The Cult in my Grandmother's House - стр. 9
Soviet Union Geological Research Institute named after A. P. Karpinsky
My parents often took me to work with them. I remember the institute’s museum well. At the entrance stood a huge salt crystal you could lick, and there was a dinosaur skeleton of monstrous proportions in the centre of the permanent exhibition.
I remember that the institute seemed huge, with many corridors, halls and stairways linking the various parts of the bulding. While mum and dad led me along the long corridors I would count the office doors, and between them the smaller doors of the specimen cupboards. On seeing me, my parents’ colleagues would invariably throw up their hands with cries of “Is this really little Ania!? Lord how big she’s getting! Really takes after her mum! Or is it her dad?” That really pleased me. So much so that if someone suddenly forgot to say it, I wondered what was wrong with them.
THE TIME I WORKED AS A GEOLOGIST
The institute had an inner yard which housed the lorries used for geological fieldwork (as well as some homeless cats).
My parents took me on my first field expedition when I was just seven. This was to the Southern Urals, the mountainous region two timezones east of St. Petersburg, considered the border of the Europe and Asian landmasses. We stayed in tents, cooked on a campfire, walked miles into the hills, and I genuinely helped my parents discover ammonites and the fossil trails of single-celled organisms. Since I was smaller I could more easily see them under my feet. I was also tasked with bagging up the samples and labelling them. In the field was the first time I had to cope with masses of insects, jumping in my face as I walked. They only came up to the adults’ waists, but they got me right in the face. I remember my dad very patiently explaining that there was no need to be afraid of the bugs, they were harmless. Obviously I had a multitude of new impressions after my first real field trip. I was very proud that I had done some real geological work.
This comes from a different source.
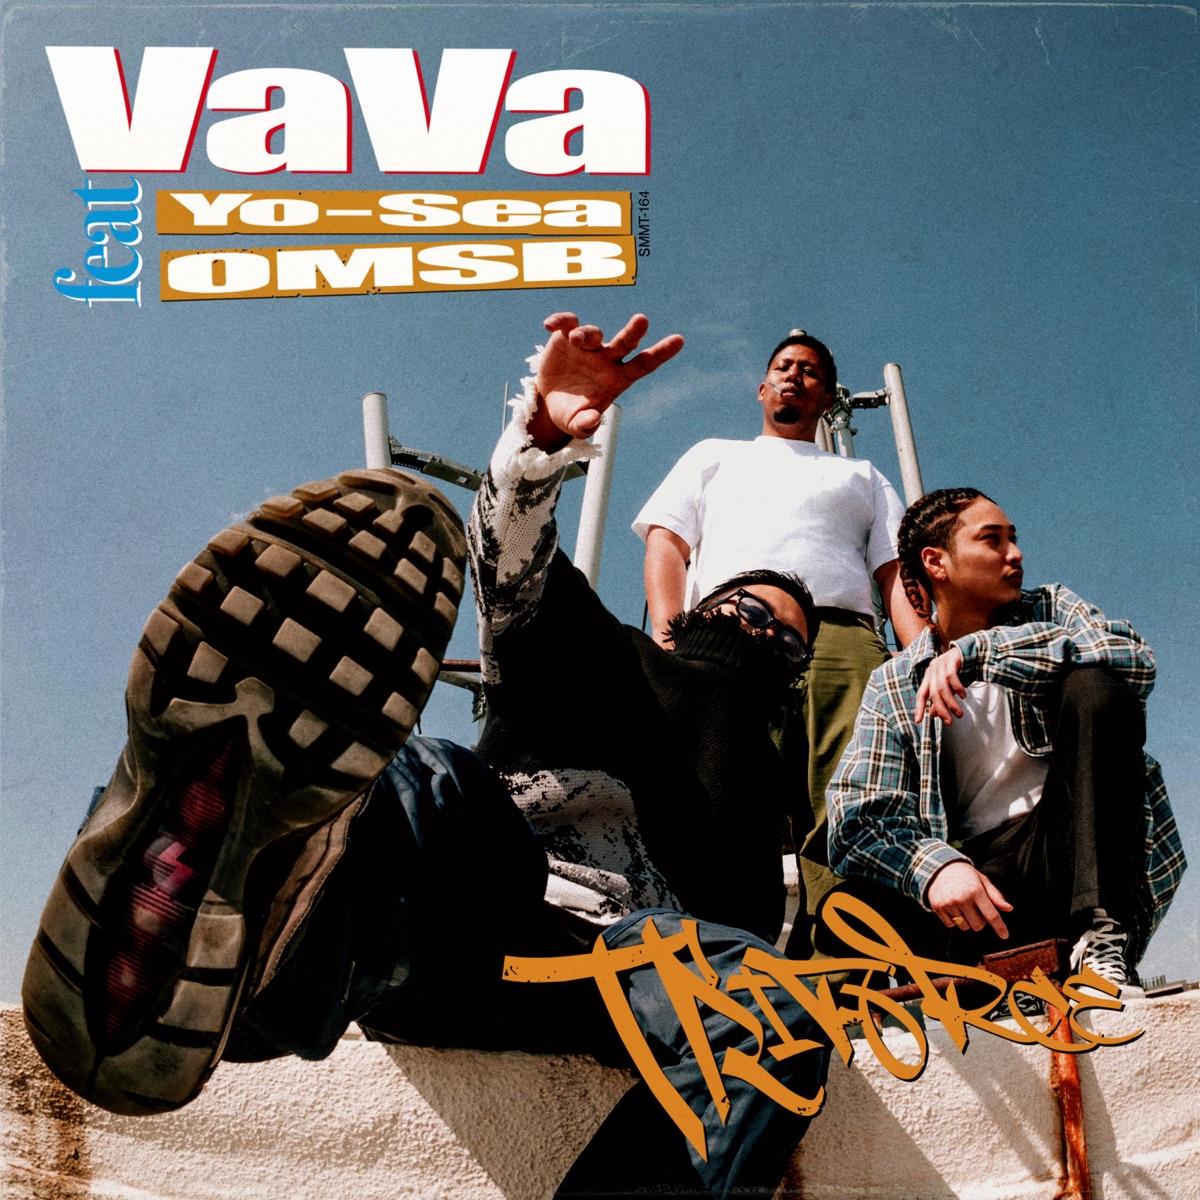 『VaVa - Triforce feat. Yo-Sea, OMSB』収録の『Triforce feat. Yo-Sea, OMSB』ジャケット
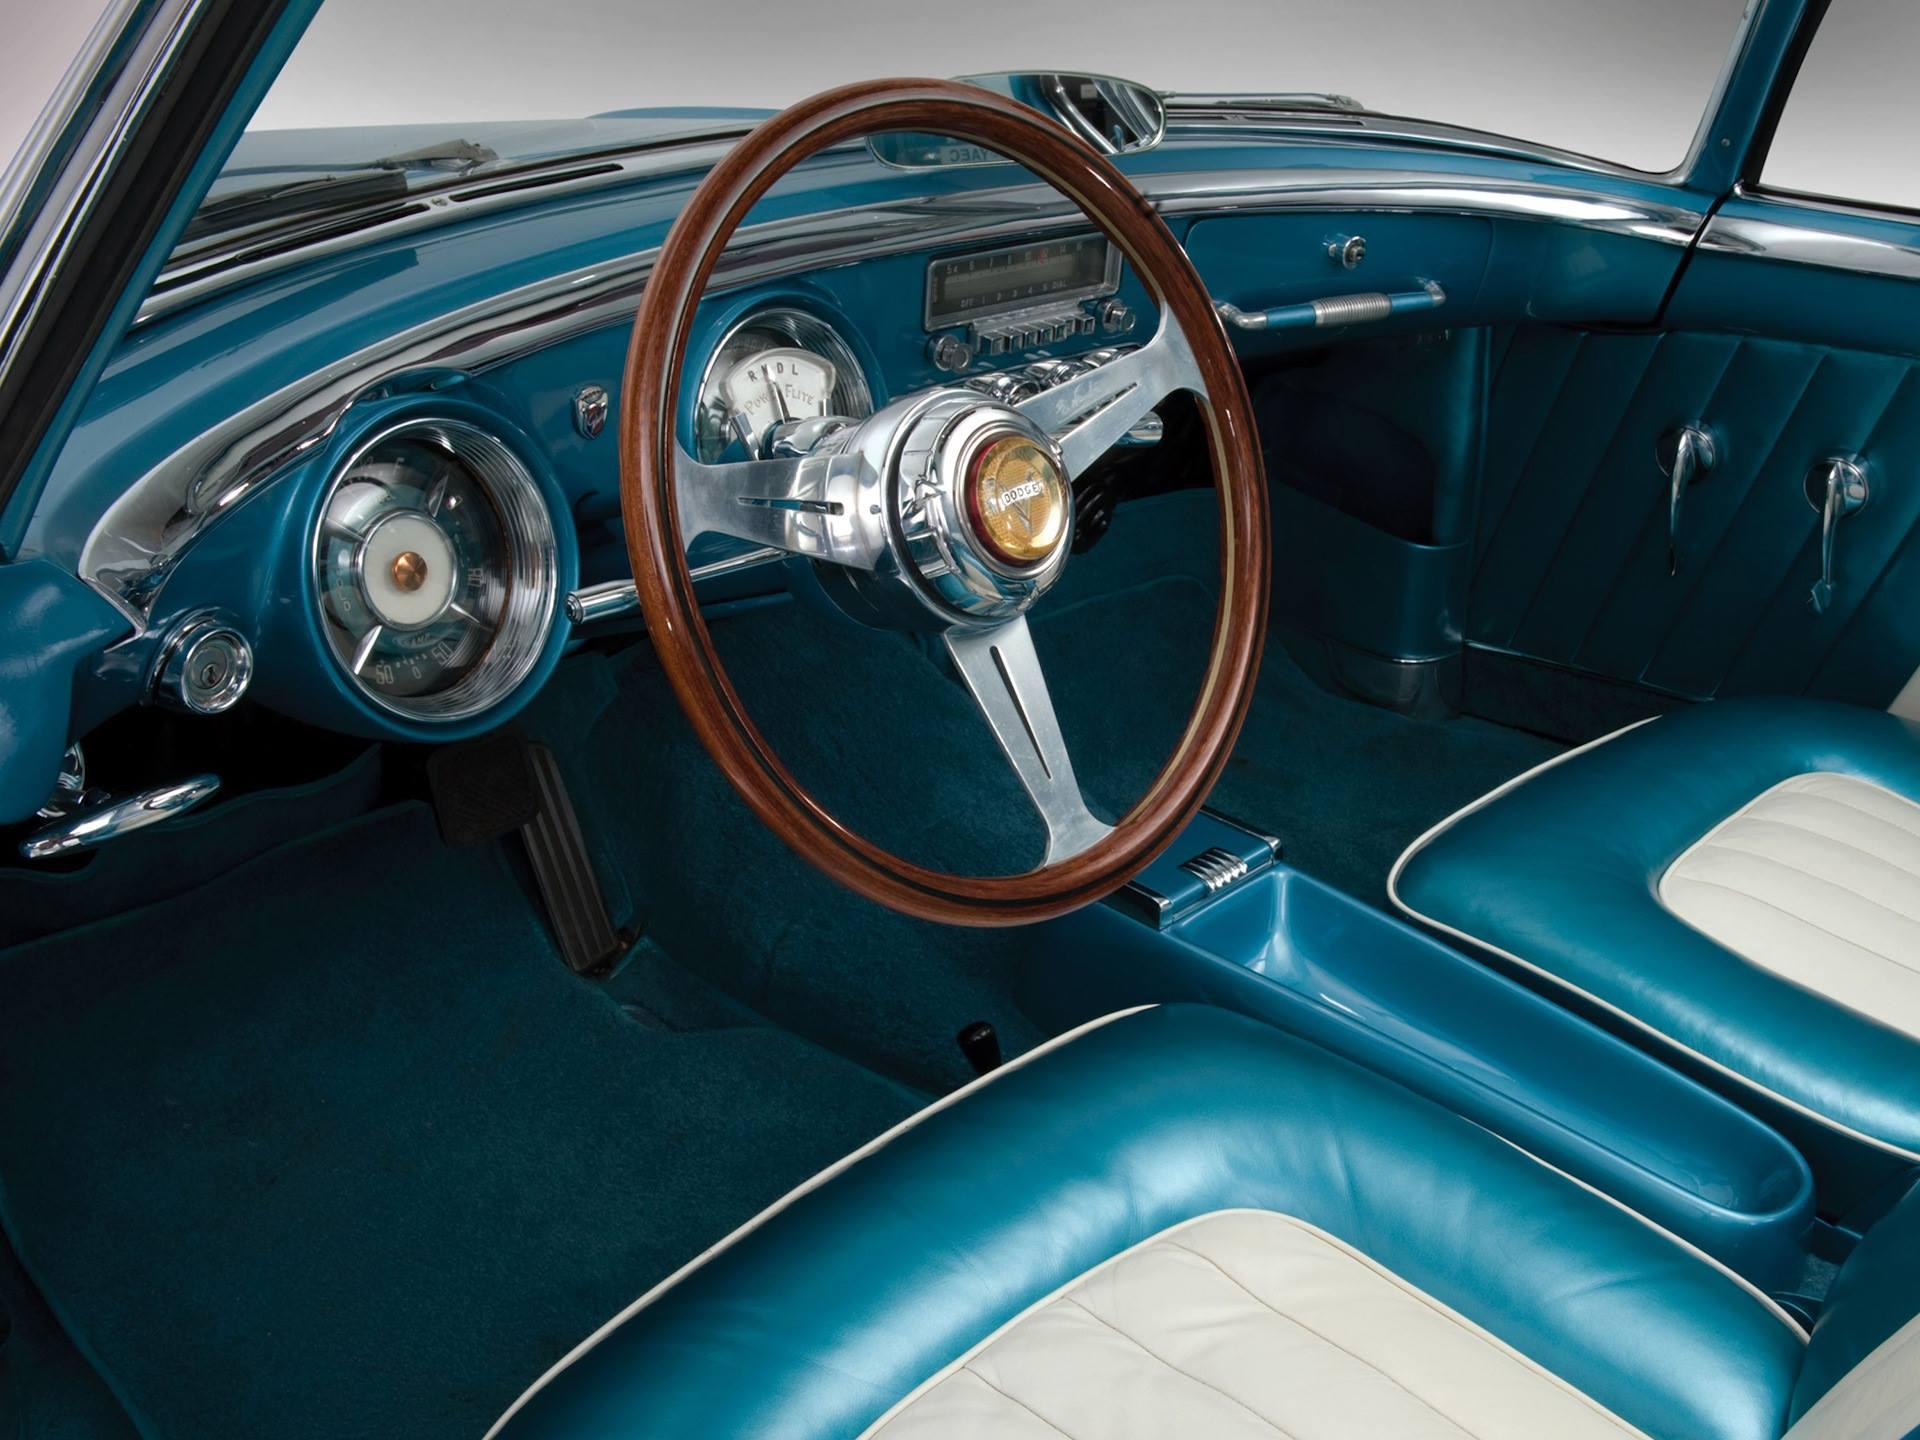 Dodge-Firearrow-III-Sport-Coupe-1954-3

I remember myself as a happy child. I felt good and safe beside my mum and dad. I was proud of them.
I finished my first year of school in Leningrad, and then it was the summer holidays. My parents sent me to stay with my grandmother in Dushanbe, the capital of Tajikistan. This was still Soviet times, and Tajikistan was part of the Soviet Union.
2. Brainwashing
THE FIRST COMMUNE ON LAKHUTI
On arrival in Dushanbe I was taken aback. It was the town where I was born, and the house where I spent my early years, where every millimetre was my territory, strewn with my beloved toys, but – it was different. In this tiny two-room apartment with its combined bathroom and toilet there were about 20 people of various ages, all complete strangers to me. They all slept side by side on the floor, tightly pressed against each other, sharing blankets and pillows. They ate on the floor too, on a spread-out oilcloth. The apartment had ceased to be a cosy and safe place to play.